The discussions explored decolonial alternatives, particularly those advanced by feminist movements, which place care at the center of their practices. Care, conceived as a political horizon, was presented as a lever for profound transformation, enabling the renewal of worldviews and opening avenues for justice and solidarity beyond colonial legacies.
The CADTM, represented by Emmanuelle Carton, emphasized the central role of debt in perpetuating colonial power relations, showing how the structural indebtedness of countries in the Global South maintains economic and political dependencies. This analysis contributed to collective reflection on the need to overcome modern coloniality by reinventing international solidarity practices grounded in social, ecological, and feminist justice.
In conclusion, the workshop stressed the importance of linking critiques of patriarchy and coloniality, and highlighted the capacity of decolonial and feminist struggles to open up an emancipatory political horizon.
This workshop demonstrated how international finance and large corporations directly threaten the food sovereignty of peoples. Practices such as land grabbing, commodity speculation, imposed monocultures, and private control of seeds deprive communities of their right to healthy, sustainable, and accessible food.
A central point was the analysis of debt as an instrument of coercion: many countries in the Global South, constrained by often illegitimate debts, prioritize export crops for global markets over meeting local needs. This mechanism increases dependence, weakens small-scale farming, and disrupts social and environmental balances.

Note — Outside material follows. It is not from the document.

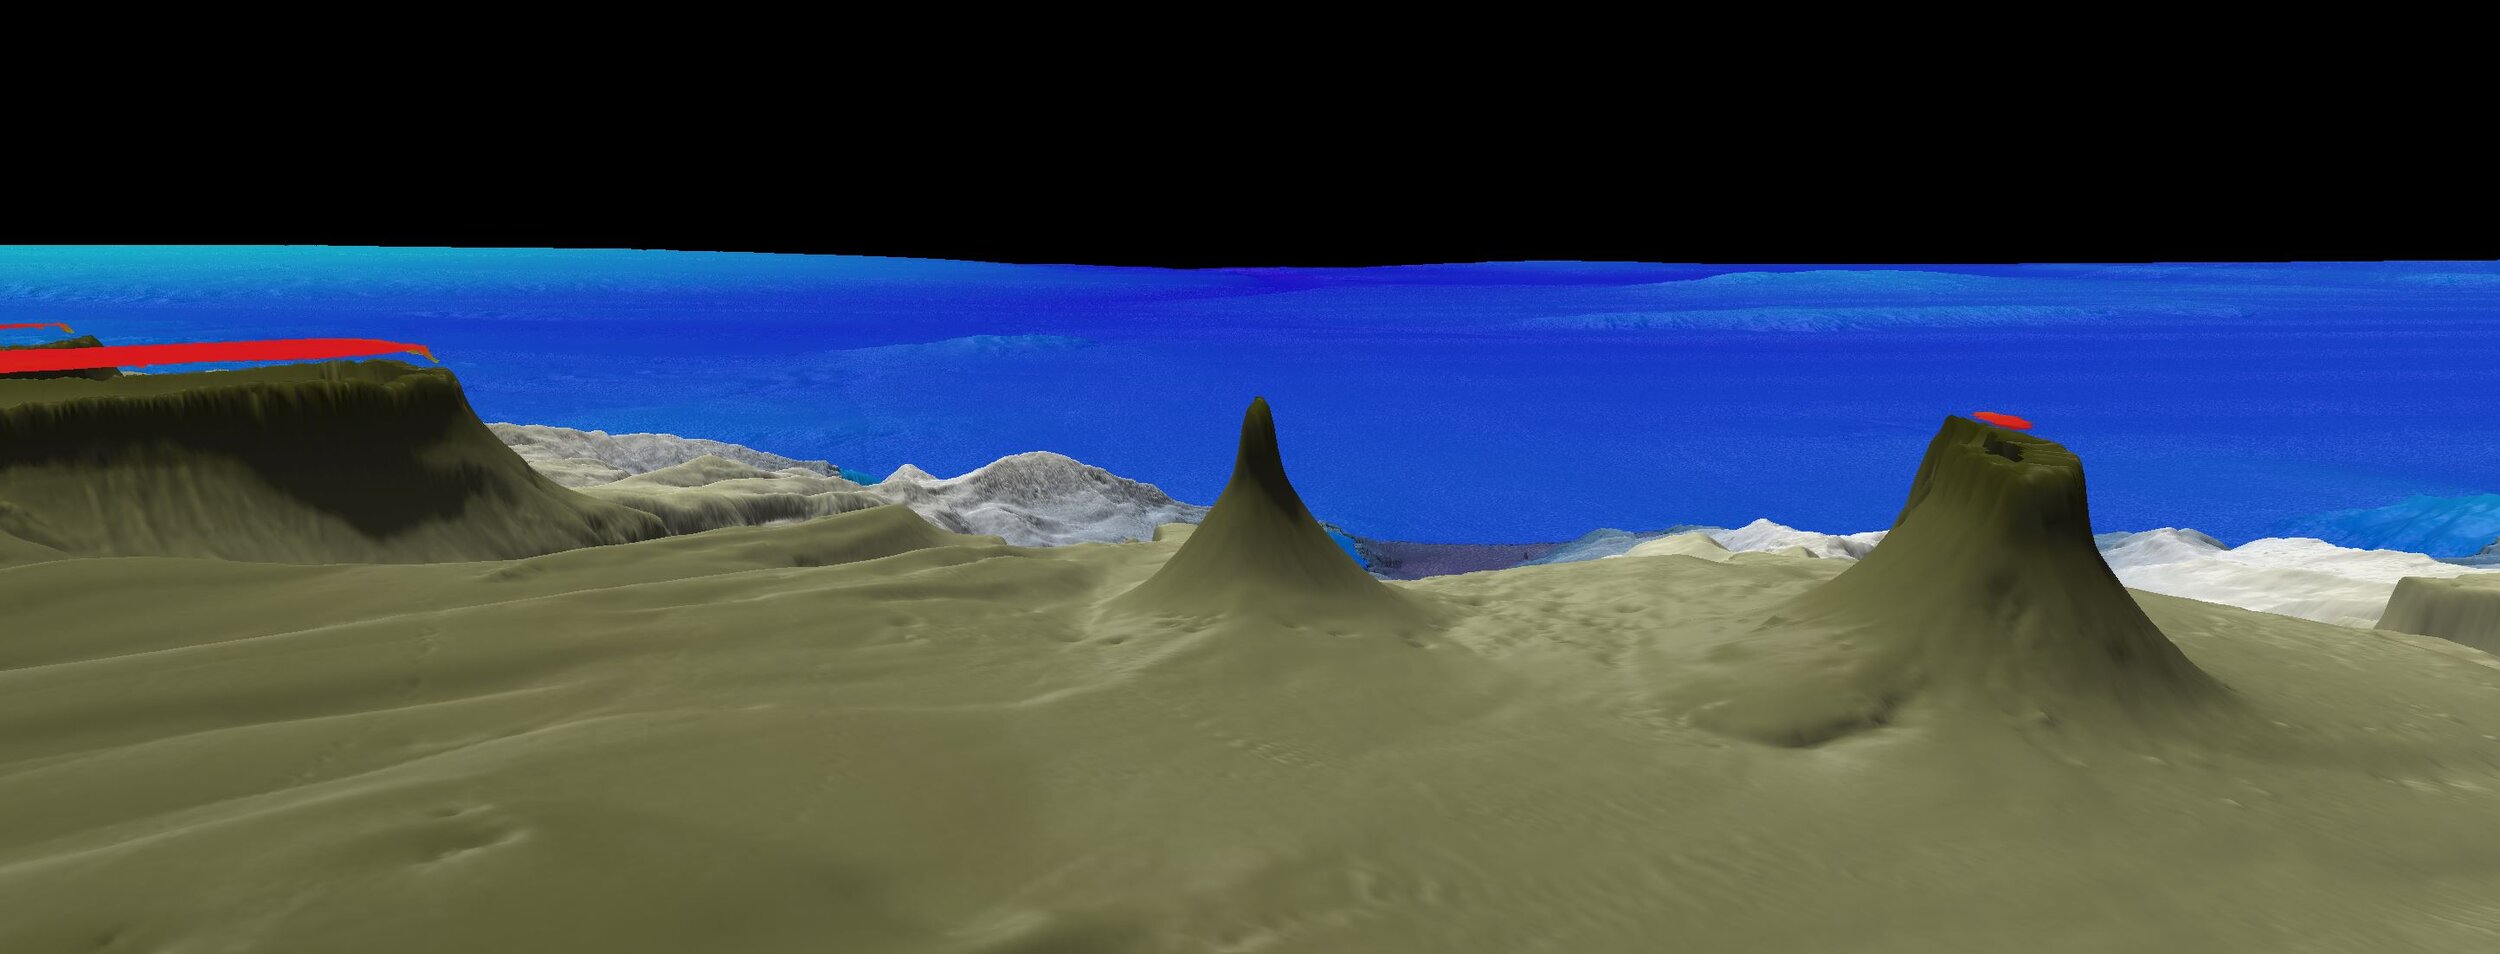 PICTURED: Side mapping profile of the new 500 meter high reef. Photo credit: Schmidt Ocean Institute.
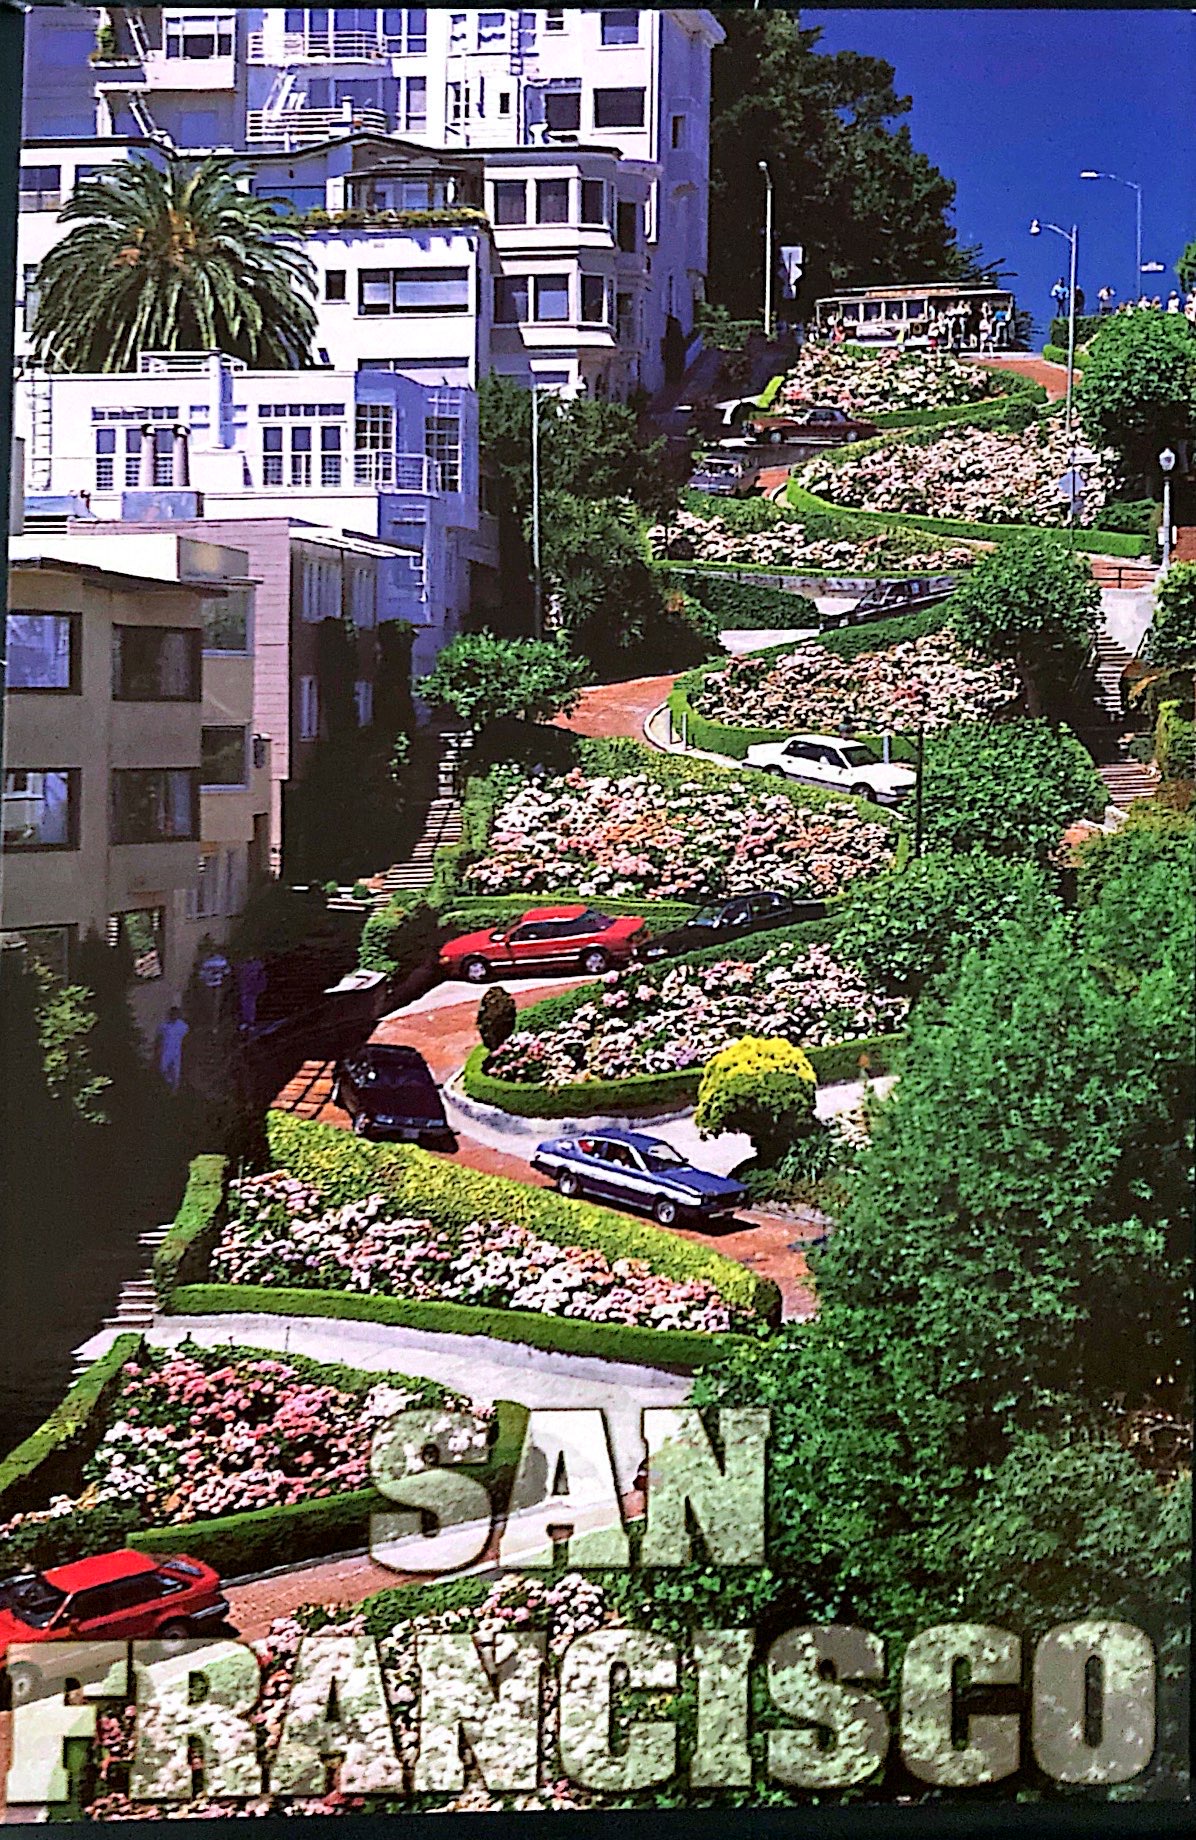 Lombard Street, the most crooked street

The CADTM, through the interventions of Pablo Laixhay and Solange Koné, emphasized how debt functions as a neocolonial lever serving financial interests and complicit local elites. They highlighted the importance of canceling illegitimate debts and building economic models centered on fundamental rights, particularly the right to food.
Workshop conclusion: breaking the link between debt and export-oriented agriculture is an essential condition for reclaiming food sovereignty and ensuring social and ecological justice.
The workshop offered an analysis of current geopolitical dynamics in Central America, a strategic region due to its historical role as an interoceanic transit zone. The discussions highlighted the impact of Donald Trump’s presidency, marked by a desire to “reclaim” the Panama Canal and reinforce American control over the region.
The speakers also explored the rising influence of China, which is forging new economic and political alliances in Central America, as well as the responses of local governments, notably Panama. Alternative projects such as the “dry canals” in Honduras and Guatemala, and the controversial interoceanic canal project in Nicaragua, were discussed in relation to extractivism and sovereignty issues.
Another central topic was the Special Development and Employment Zones (ZEDEs) in Honduras—true neoliberal enclaves that privatize entire territories for investors’ benefit at the expense of local populations. The discussion also showed how Central American migrants are used as a “bargaining chip” in geopolitical negotiations, revealing the brutality of power relations between global powers.
Finally, the workshop addressed projects led by the European Union, particularly in the environmental sector, often presented as “green” but masking similar economic domination logics.
Workshop conclusion: Central America illustrates both imperialist rivalries and popular resistance.
To counter recolonization by global economic powers, the role of social movements and international solidarity networks is crucial.